* [ACTIVITY] Transcribe nothing except the lines below that run from the one with "В столбике справа важное" to the one with "Календарь на 3 года 2021 2022 2023", ends included, and do not copy any picture.

-- ENTRIES SUPPLIED follows --

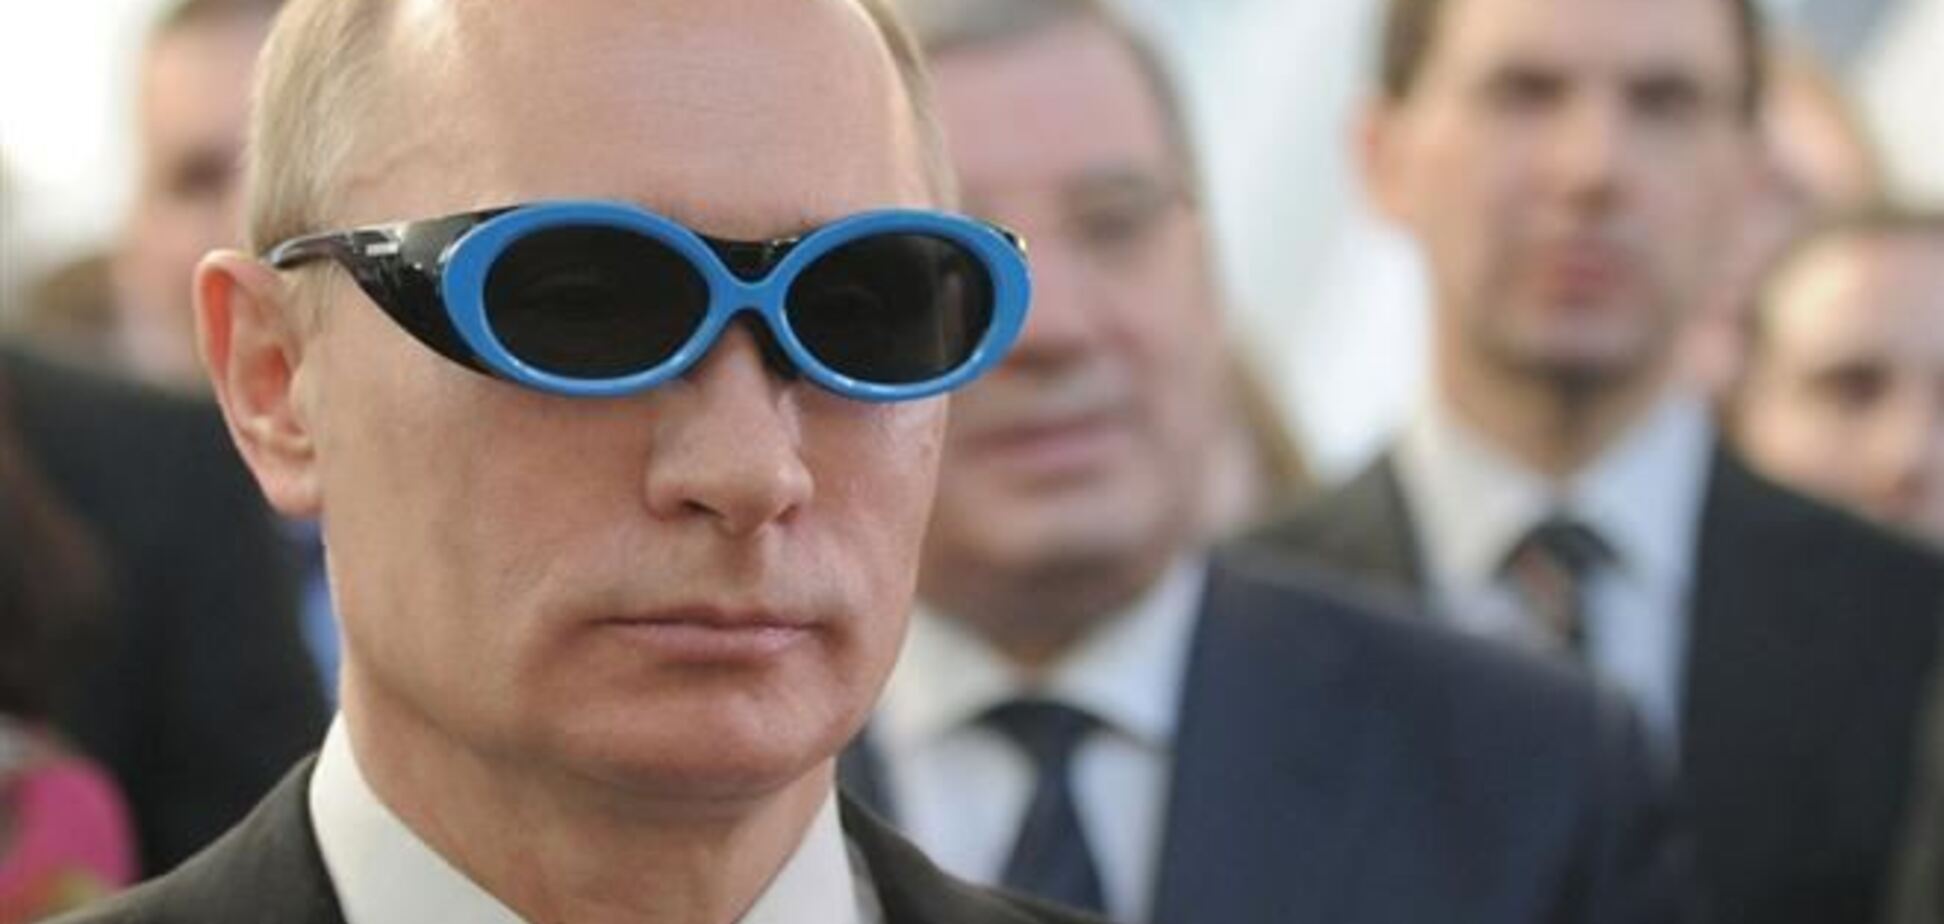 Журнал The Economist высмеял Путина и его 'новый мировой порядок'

-- ENTRIES SUPPLIED concluded --
-- ENTRIES SUPPLIED follows --

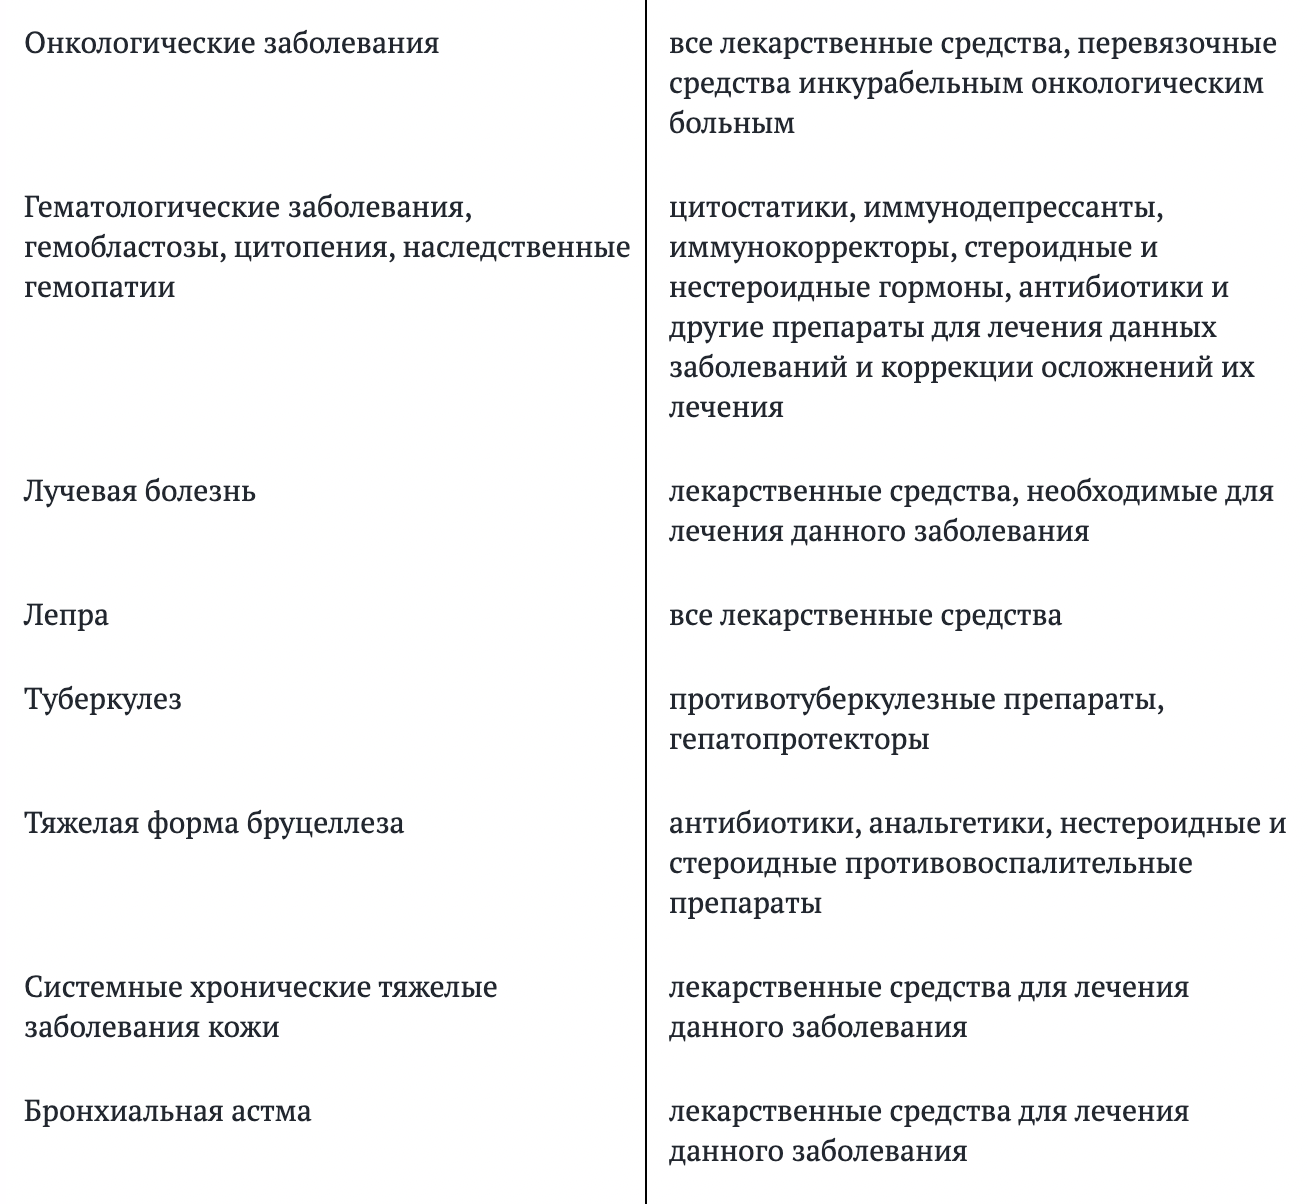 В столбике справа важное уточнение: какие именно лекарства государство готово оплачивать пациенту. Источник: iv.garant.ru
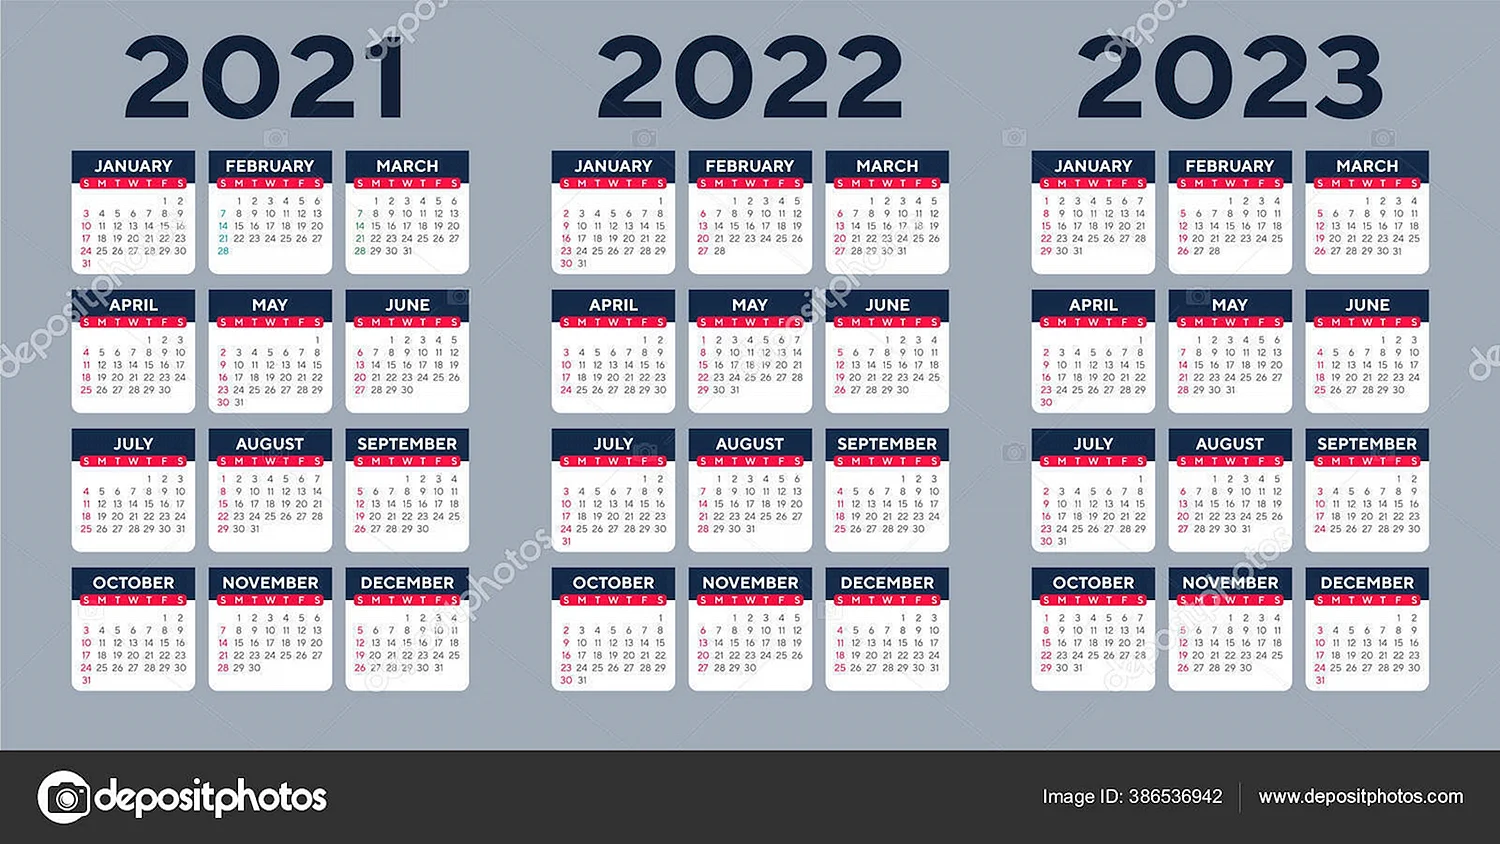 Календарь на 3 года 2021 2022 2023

-- ENTRIES SUPPLIED concluded --

* [REPLY]
 В столбике справа важное уточнение: какие именно лекарства государство готово оплачивать пациенту. Источник: iv.garant.ru
 Календарь на 3 года 2021 2022 2023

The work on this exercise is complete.